Particle filters were developed in the 1990s by the engineering community for the so-called 'filtering problem': on-line estimation of time-varying latent state based on a stream of noisy observations. More recently, particle filters have been combined with Markov chain Monte Carlo (MCMC) in order to perform Bayesian estimation of hidden Markov model parameters and 'smoothing', that is, estimation of the latent state progress through time, given a fixed (but potentially long) observation record.
This talk focuses on a 'particle MCMC' method known as the conditional particle filter (CPF), or the particle Gibbs. The CPF is a slight algorithmic variant of the original particle filter, but serves a different purpose: it defines an MCMC transition targeting the HMM smoothing distribution.
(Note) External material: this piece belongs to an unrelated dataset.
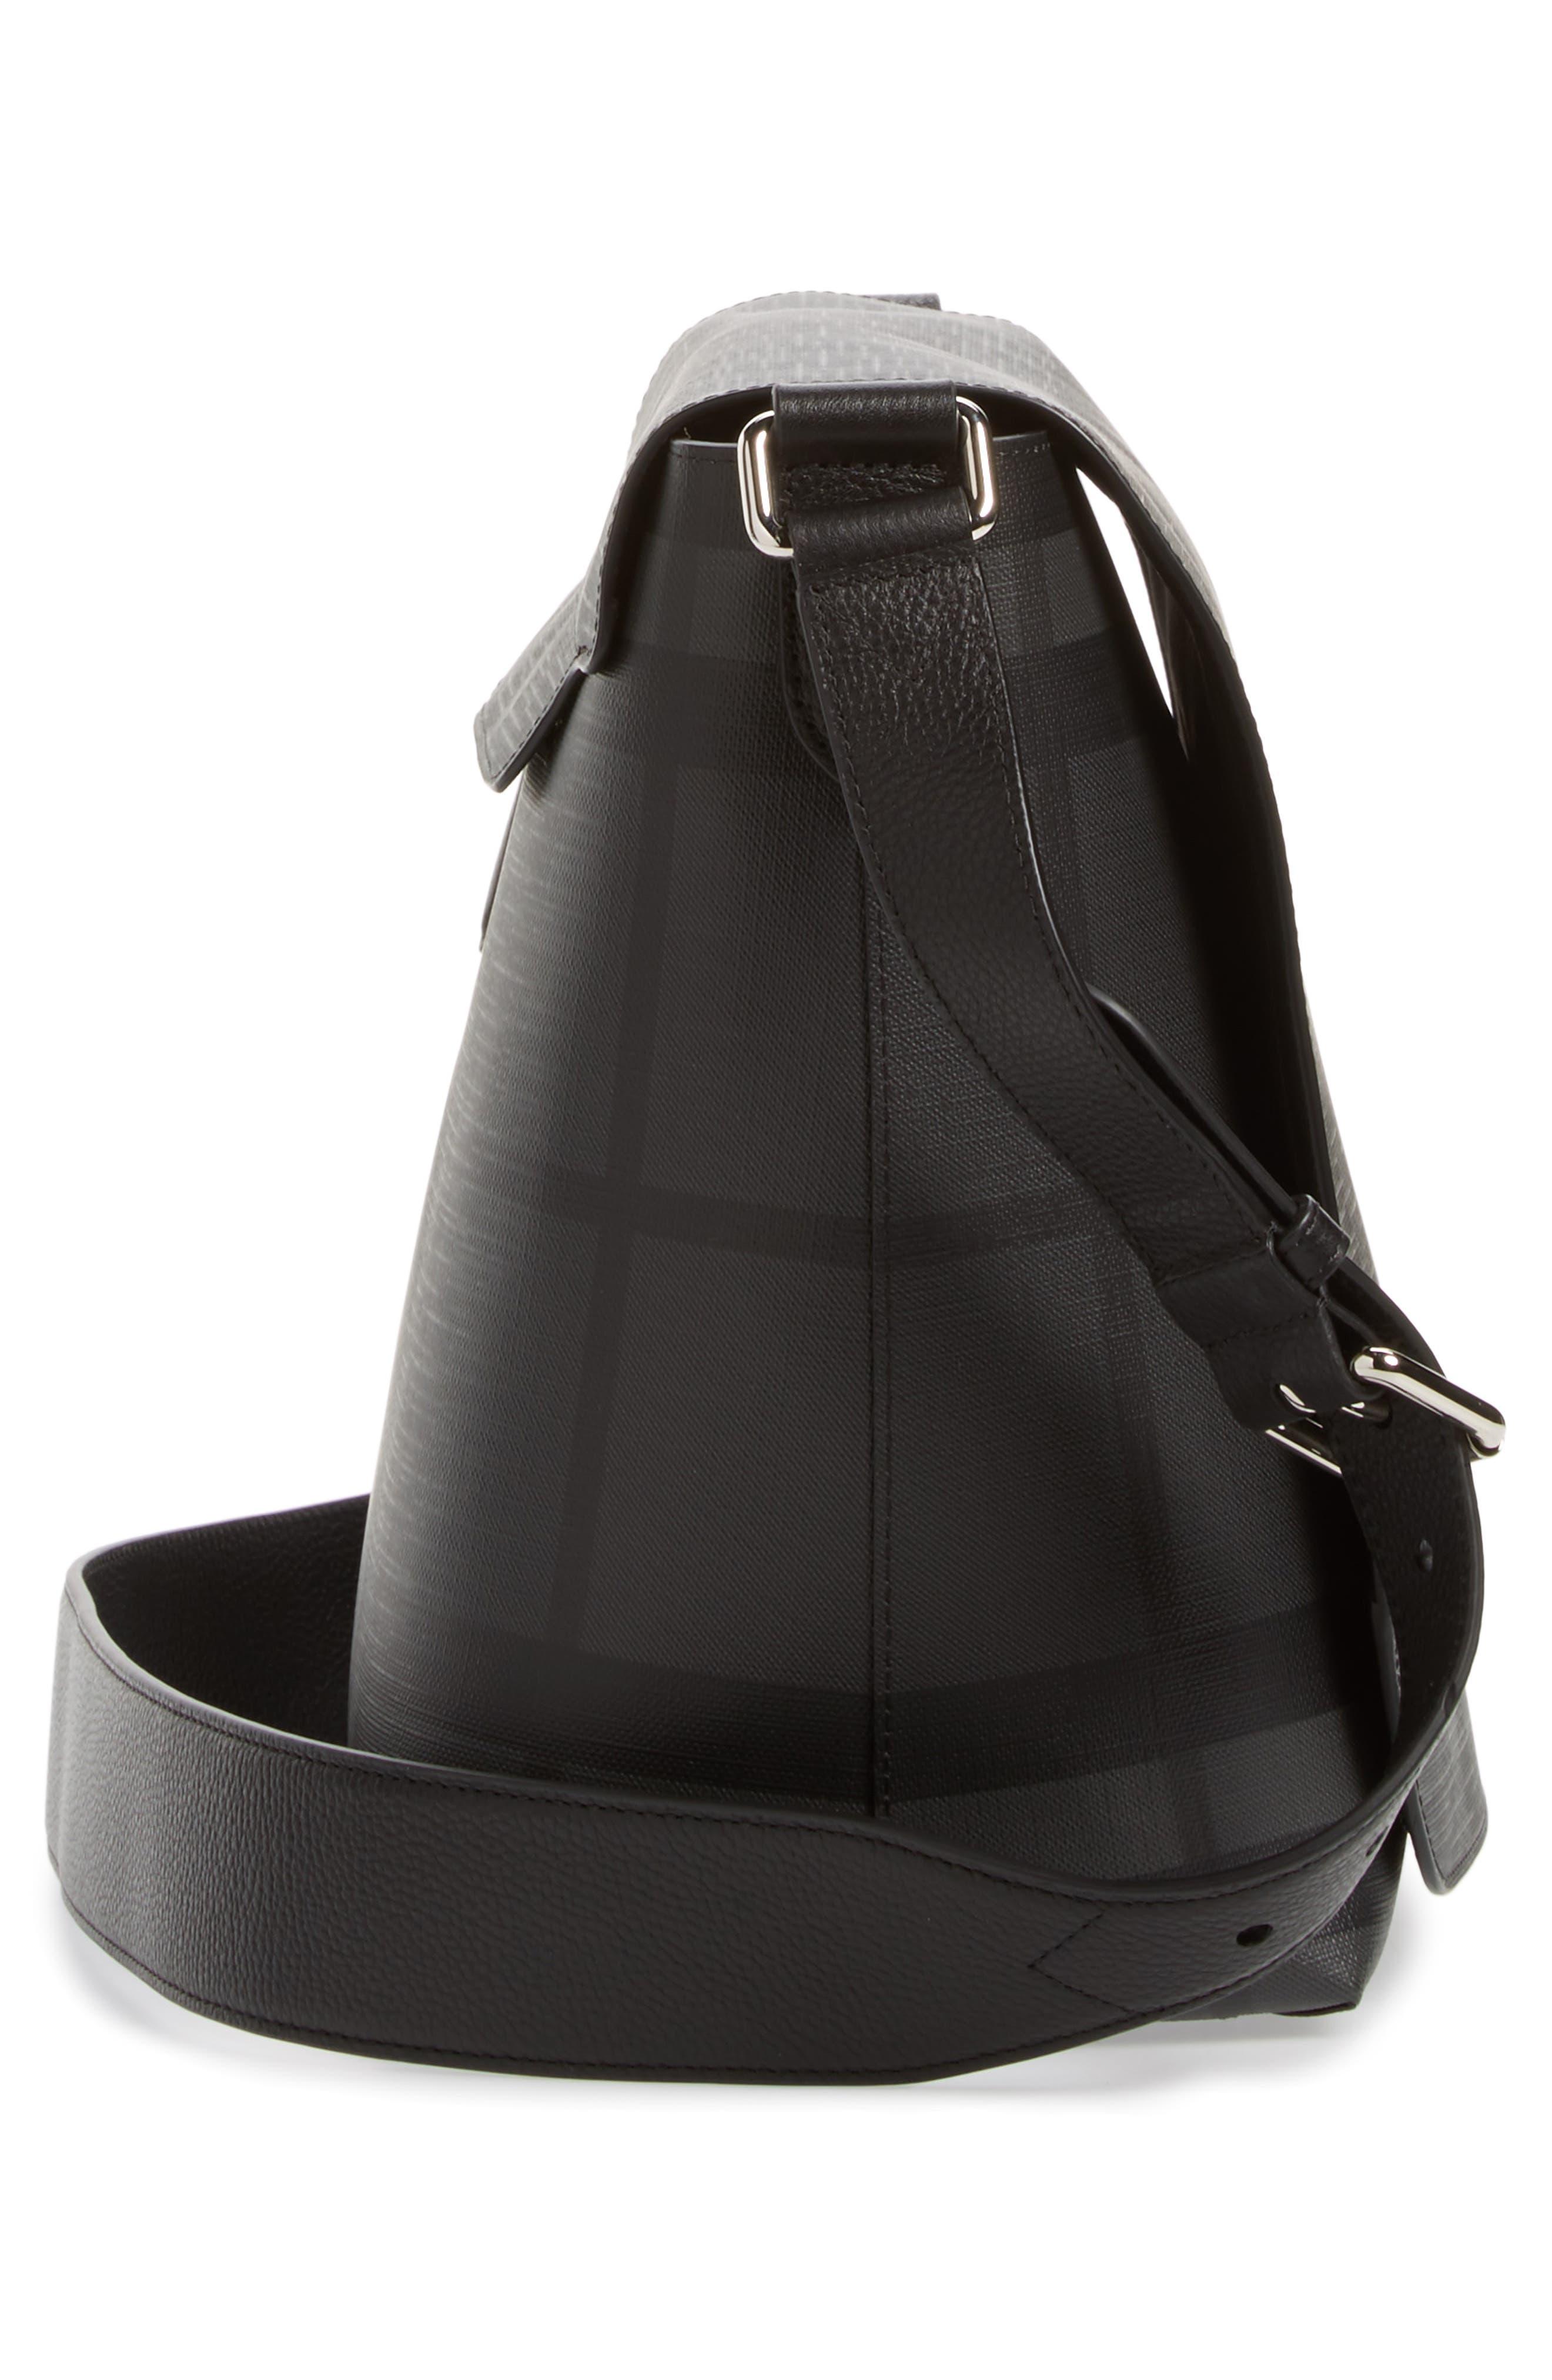 London Check Messenger Bag,                             Alternate thumbnail 5, color,                             Charcoal/ Black

The empirical evidence suggests that certain variants of the CPF mix well even in high dimensions (with long observation records). We review some theoretical insights that consolidate such empirical findings, and justify why the CPF is often efficient for HMM inference.
Matti Vihola is a Professor of Statistics at University of Jyväskylä, Finland. He received a PhD in mathematics in 2010 and held a faculty position at Oxford 2014-2015. He has been awarded four Academy of Finland research grants, the latest as a team leader in the Finnish Centre of Excellence in Randomness and Structures (FiRST) (2022-2029). He is an associate editor of Scandinavian Journal of Statistics and Statistics and Computing. His research interests include computational statistics and applied probability, and in particular Monte Carlo methods and Bayesian inference.